Pyxidis-Manim-CodeGen-1.7B: Specialized Math Animation Code Generation
Pyxidis-Manim-CodeGen-1.7B is an experimental 1.7 billion parameter model developed by prithivMLmods, specifically fine-tuned on Qwen/Qwen3-1.7B using Manim-CodeGen code traces. Its core purpose is to generate Python code for mathematical animations using the Manim library, making it a highly specialized tool for educational and research-driven visualization.
Key Capabilities
- Manim-Specific Code Generation: Optimized for Python-based animation scripting of mathematical concepts and visual proofs.
- Math + Code Synergy: Generates step-by-step mathematical derivations alongside corresponding Manim animation code.
- Animation Workflow Optimization: Produces structured code for Manim scenes, transformations, graphs, and equations, reducing manual effort.
- Python-Centric Reasoning: Focuses on generating clean, modular, and reusable Python code for animation pipelines.
- Structured Output: Capable of outputting in Python, Markdown, and LaTeX formats, suitable for tutorials and automated content generation.
- Lightweight & Specialized: Designed for Manim coding efficiency with a deployable footprint, ideal for GPU clusters and research labs.
Intended Use Cases
- Manim-based math animation coding for research, teaching, and content creation.

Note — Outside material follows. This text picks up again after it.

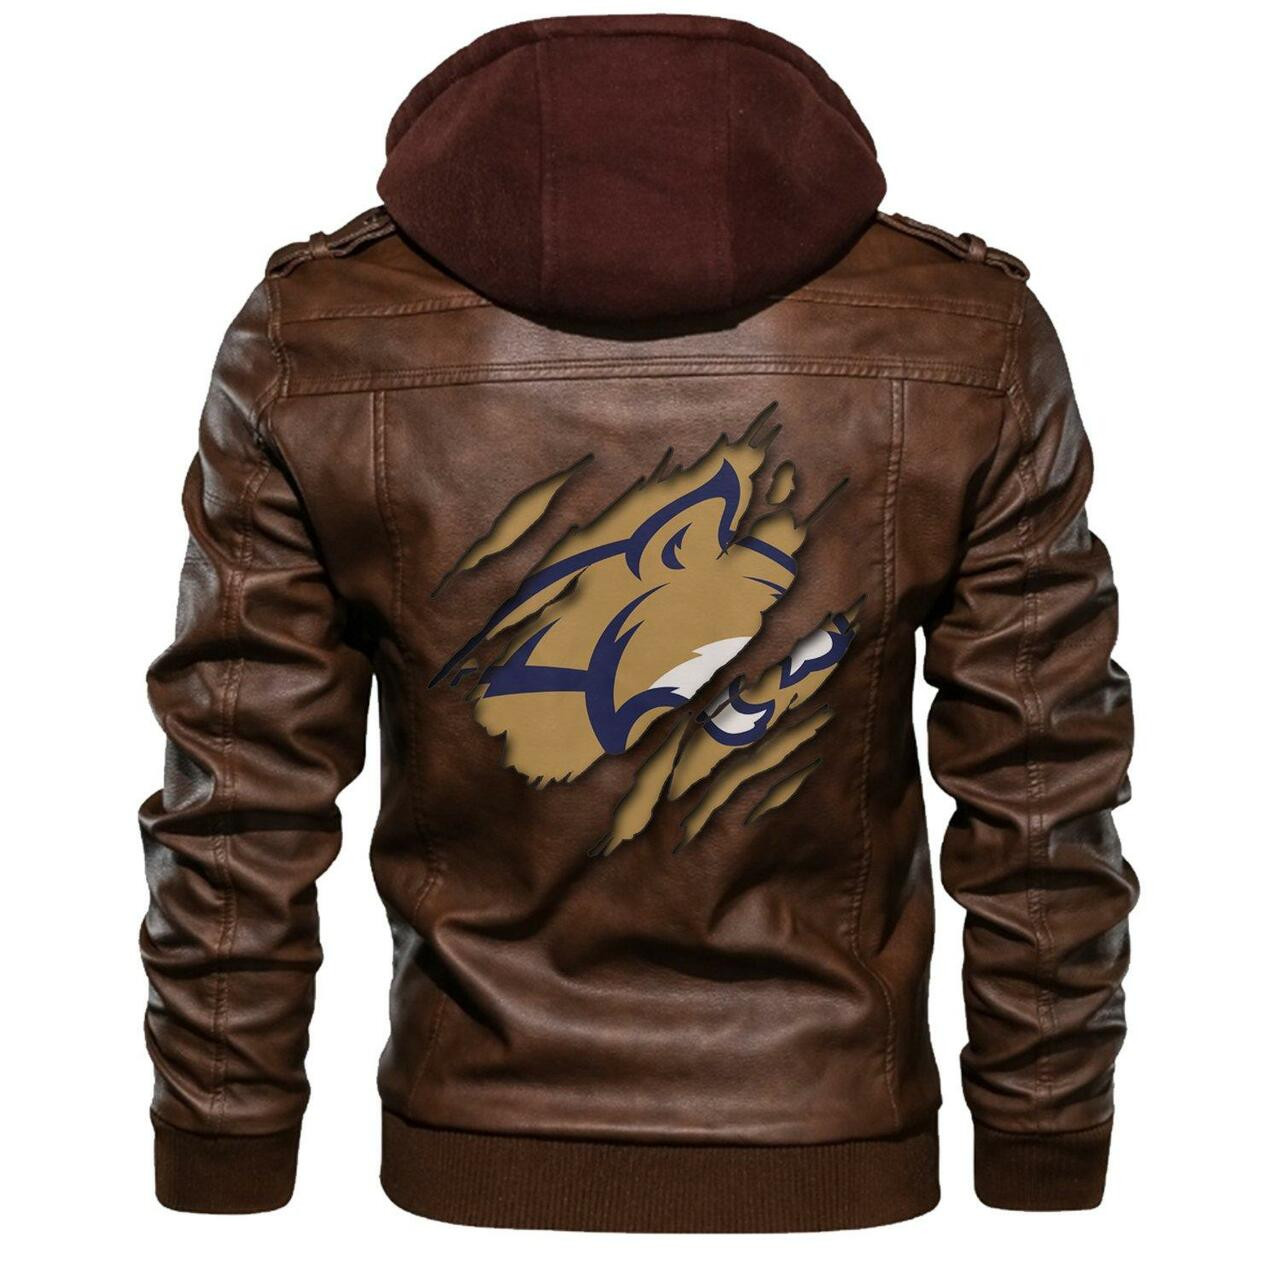 Top leather jackets are the perfect choice for the active man. 271

- Educational visualization assistant to convert mathematical problems into animated explanations.
- Python tutoring tool for workflows involving mathematical animations.

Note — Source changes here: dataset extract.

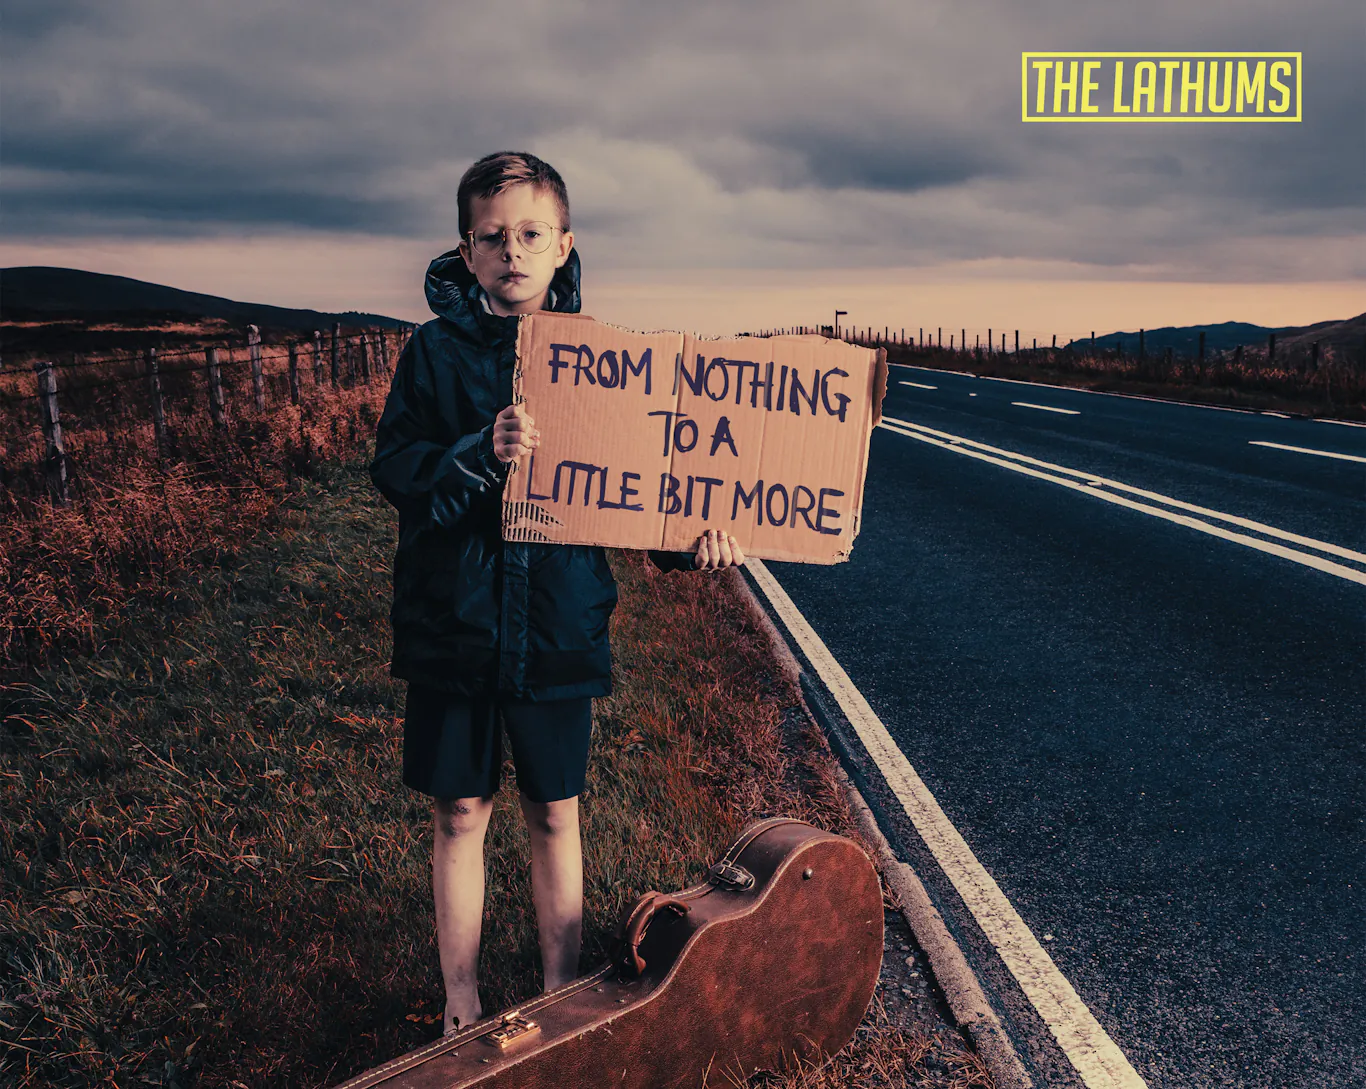 ALBUM REVIEW: The Lathums – From Nothing To A Little Bit More

- Prototype generator for interactive STEM video content.
Limitations
As an experimental model, it may require manual debugging of generated code. It is limited to Manim coding workflows and is not a general-purpose code assistant. Complex multi-scene projects may require iterative refinement, and its optimization prioritizes structured math and animation reasoning over general dialogue.